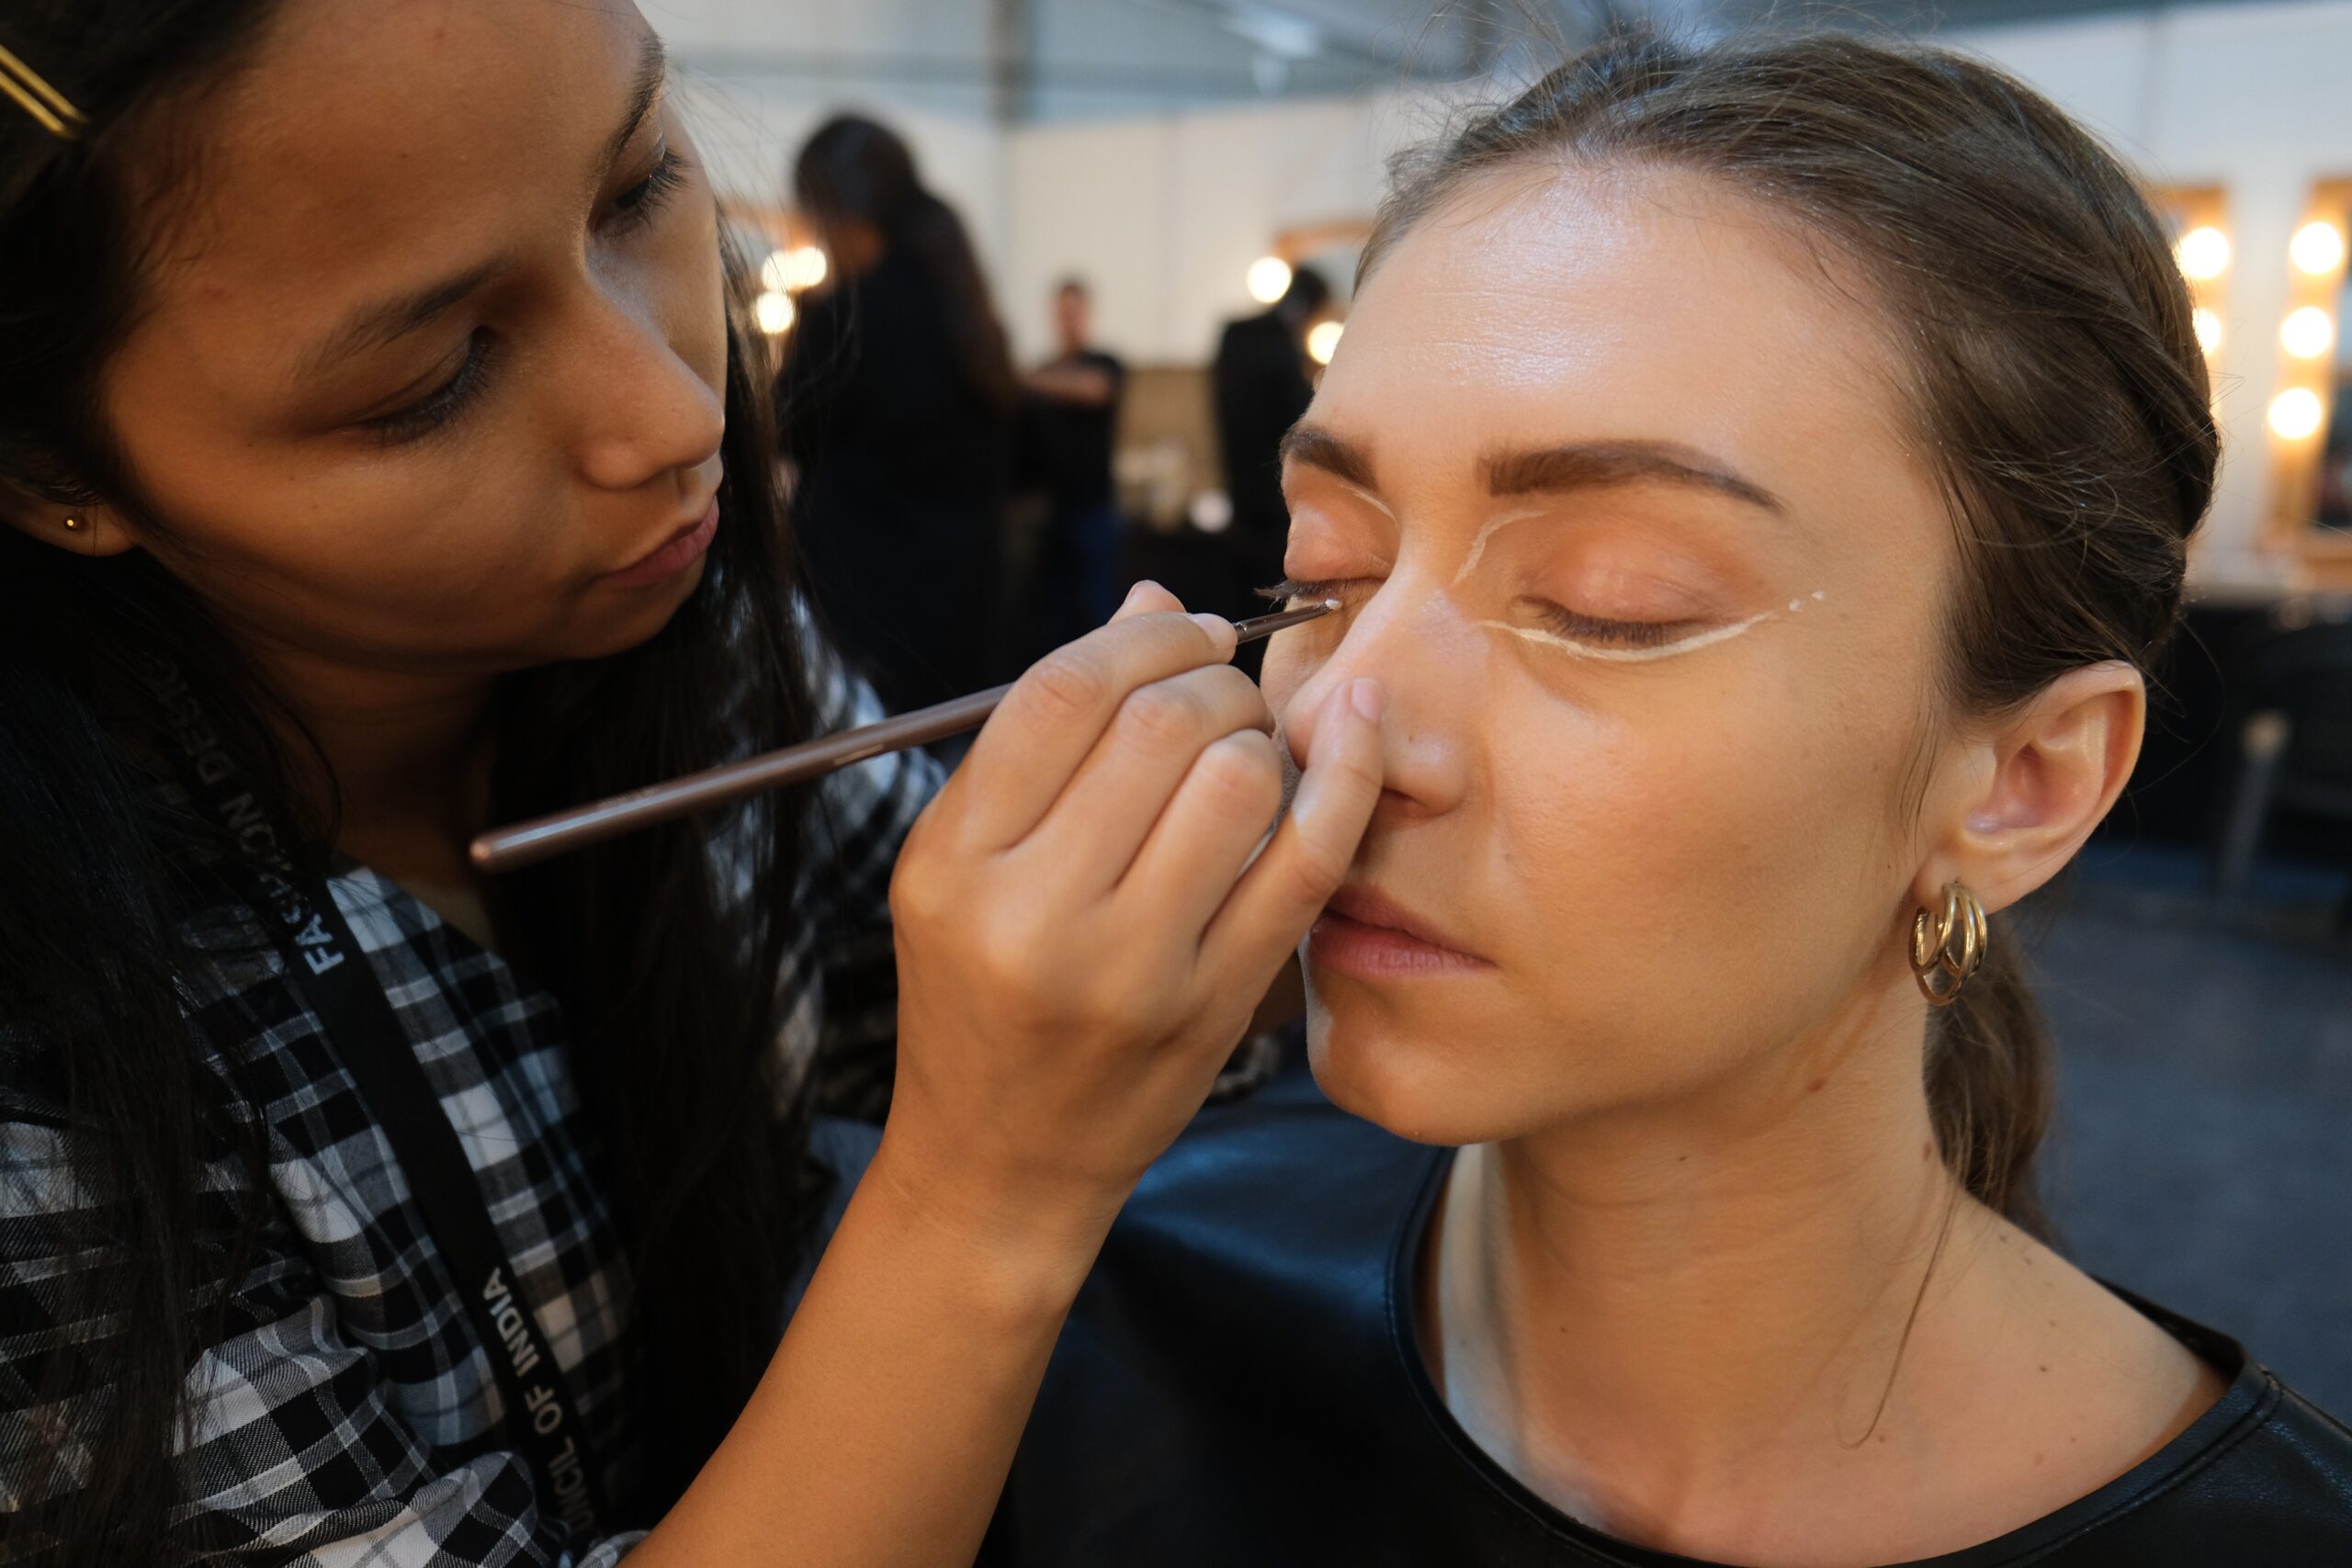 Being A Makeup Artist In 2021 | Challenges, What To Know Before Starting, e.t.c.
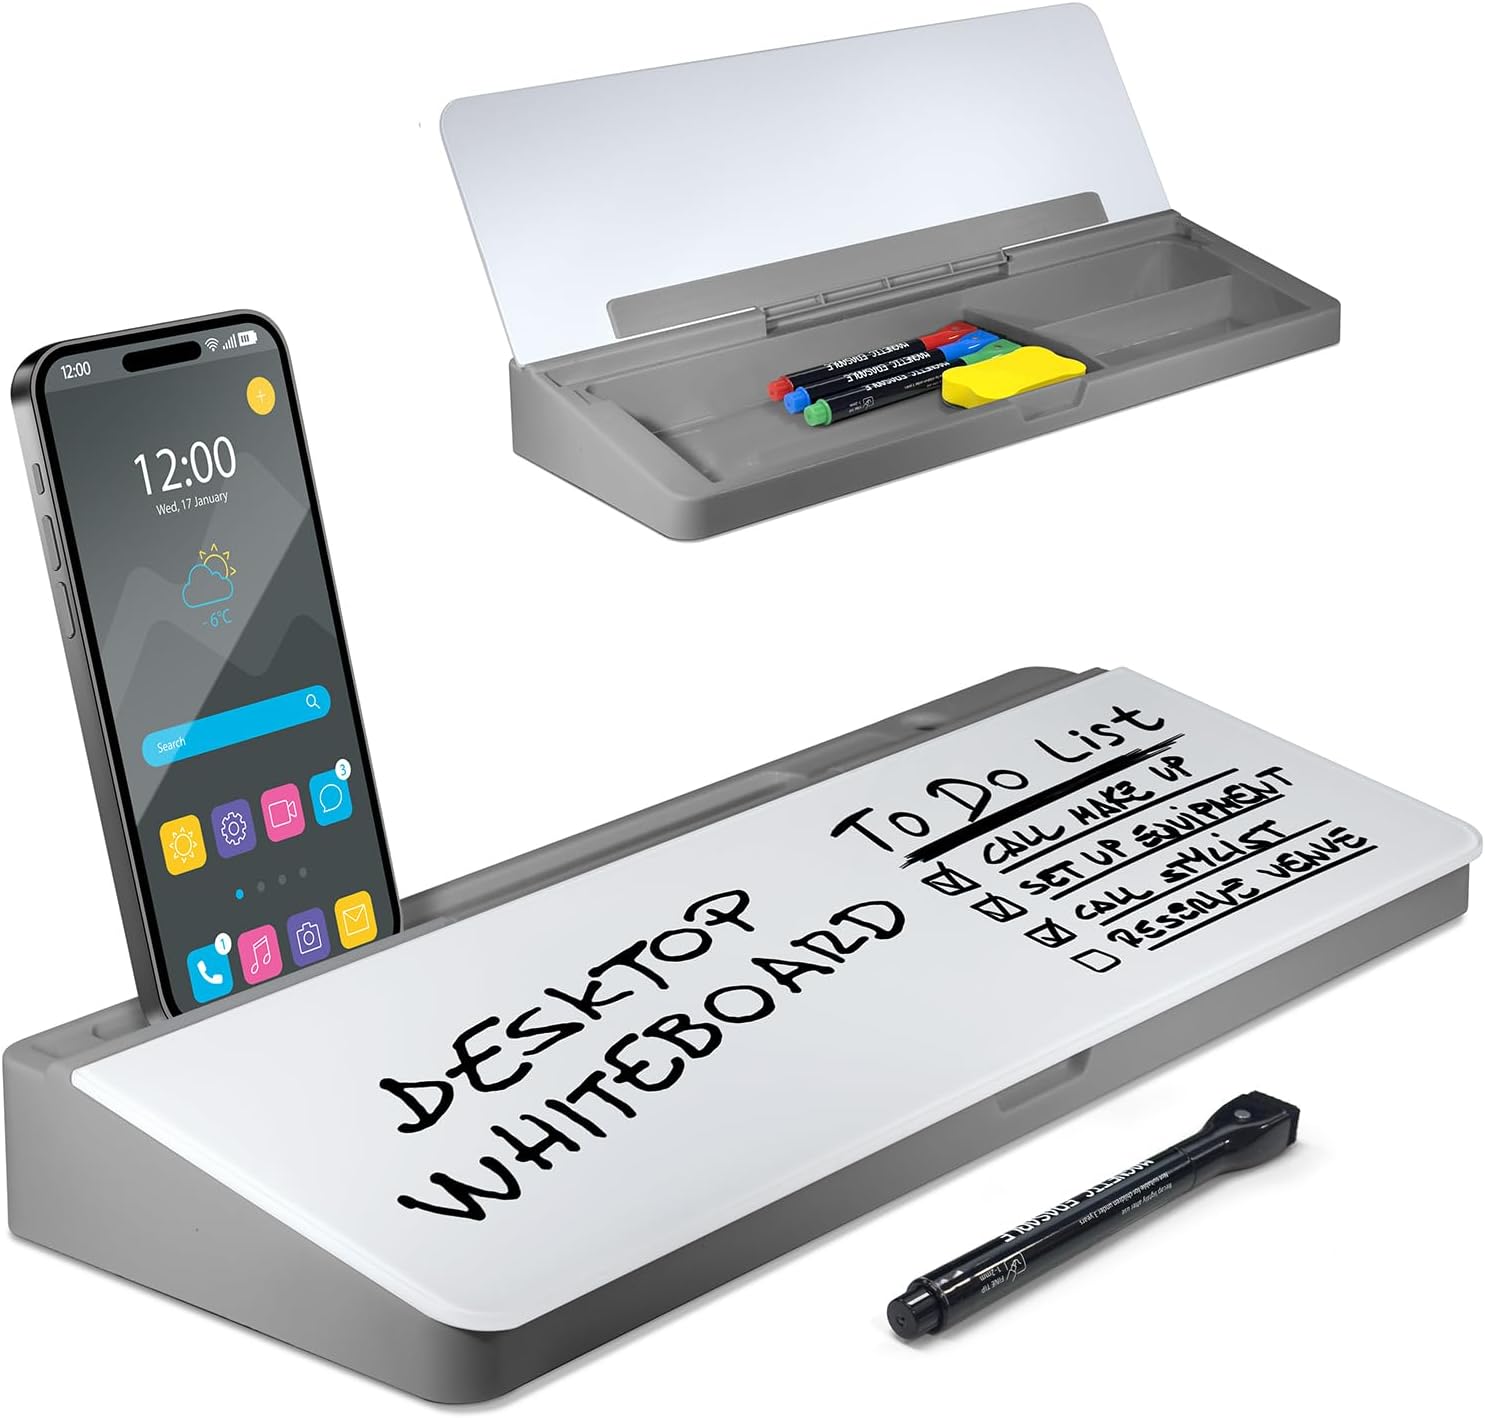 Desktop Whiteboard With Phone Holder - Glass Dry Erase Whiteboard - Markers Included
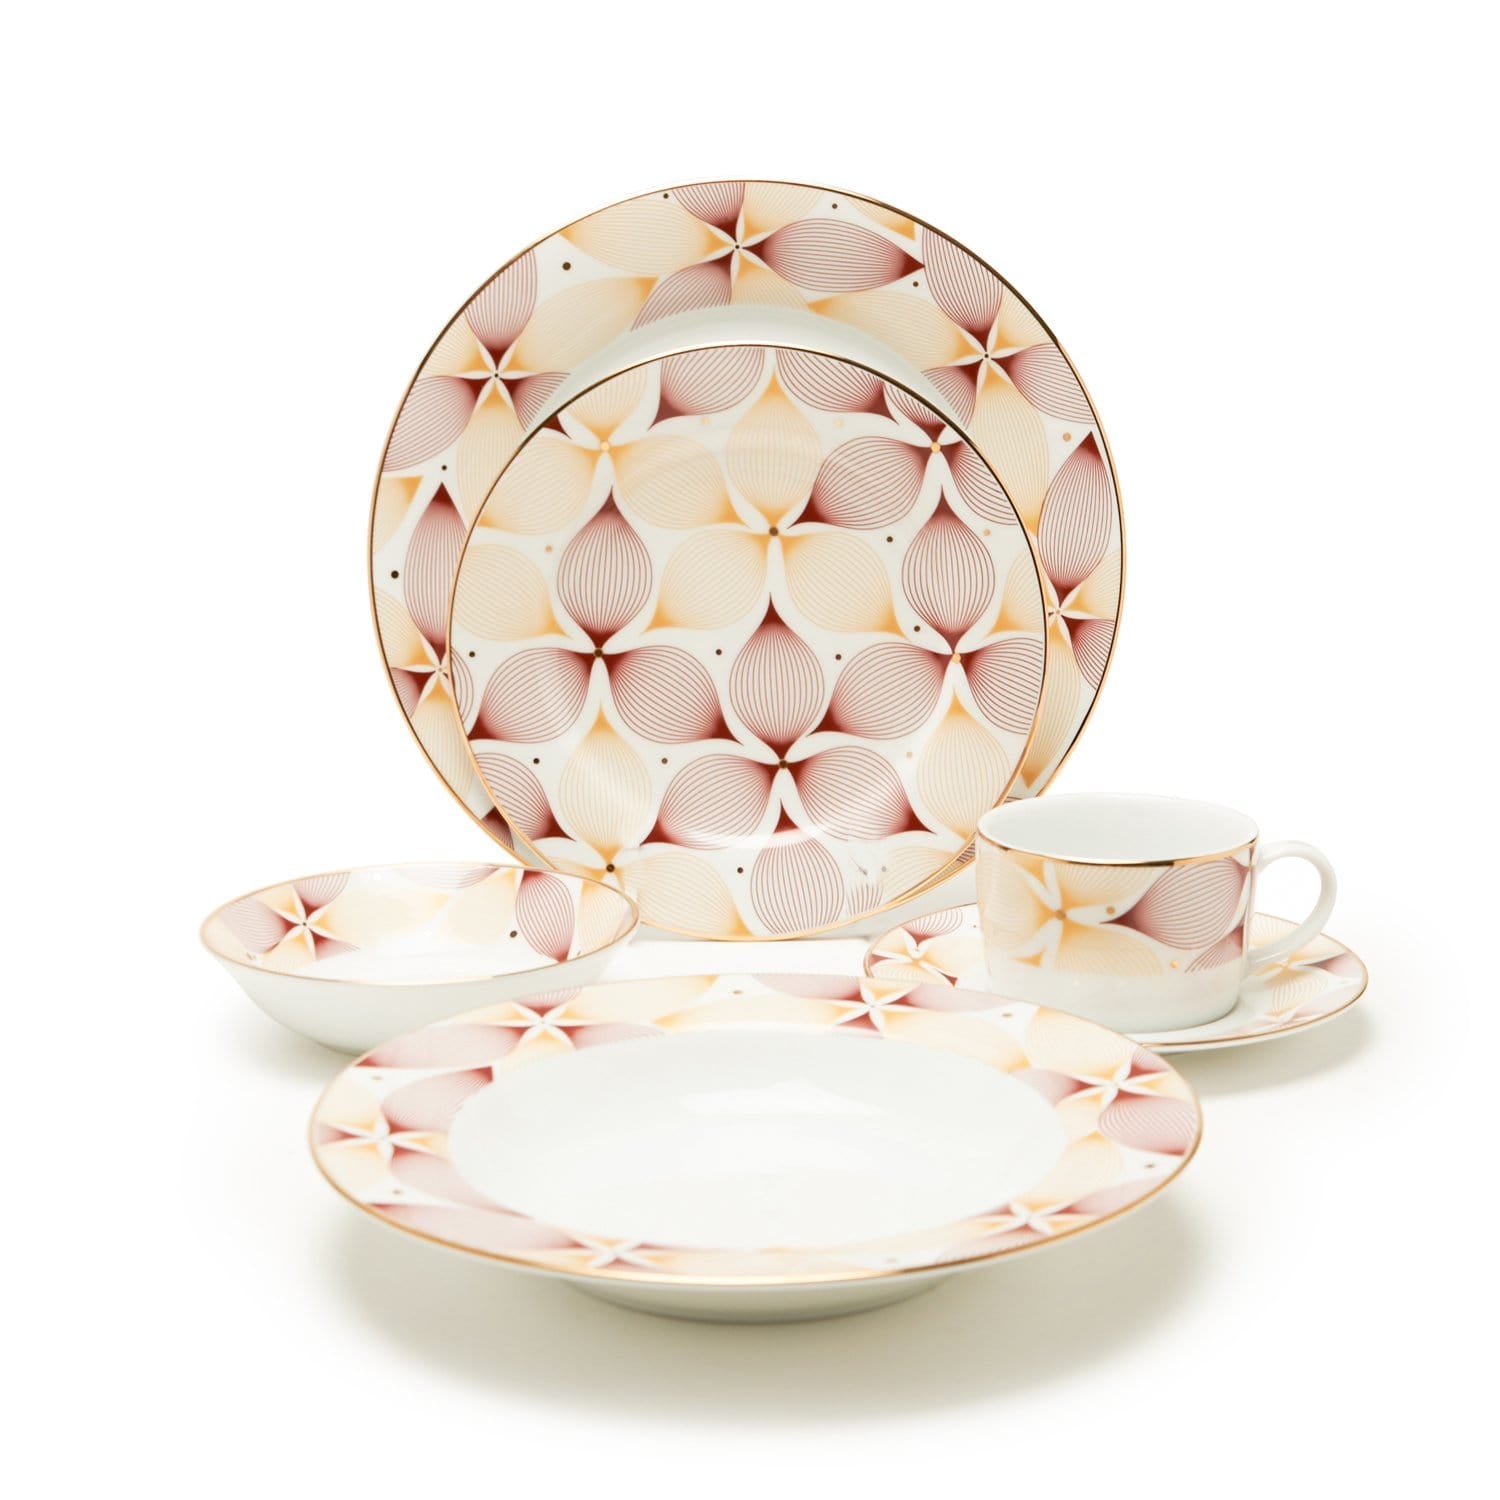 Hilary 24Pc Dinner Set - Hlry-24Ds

◆ Task brief ◆
Leave the pictures out and print the whole listing precisely.

◆ The answer ◆
 Being A Makeup Artist In 2021 | Challenges, What To Know Before Starting, e.t.c.
 Desktop Whiteboard With Phone Holder - Glass Dry Erase Whiteboard - Markers Included
 Hilary 24Pc Dinner Set - Hlry-24Ds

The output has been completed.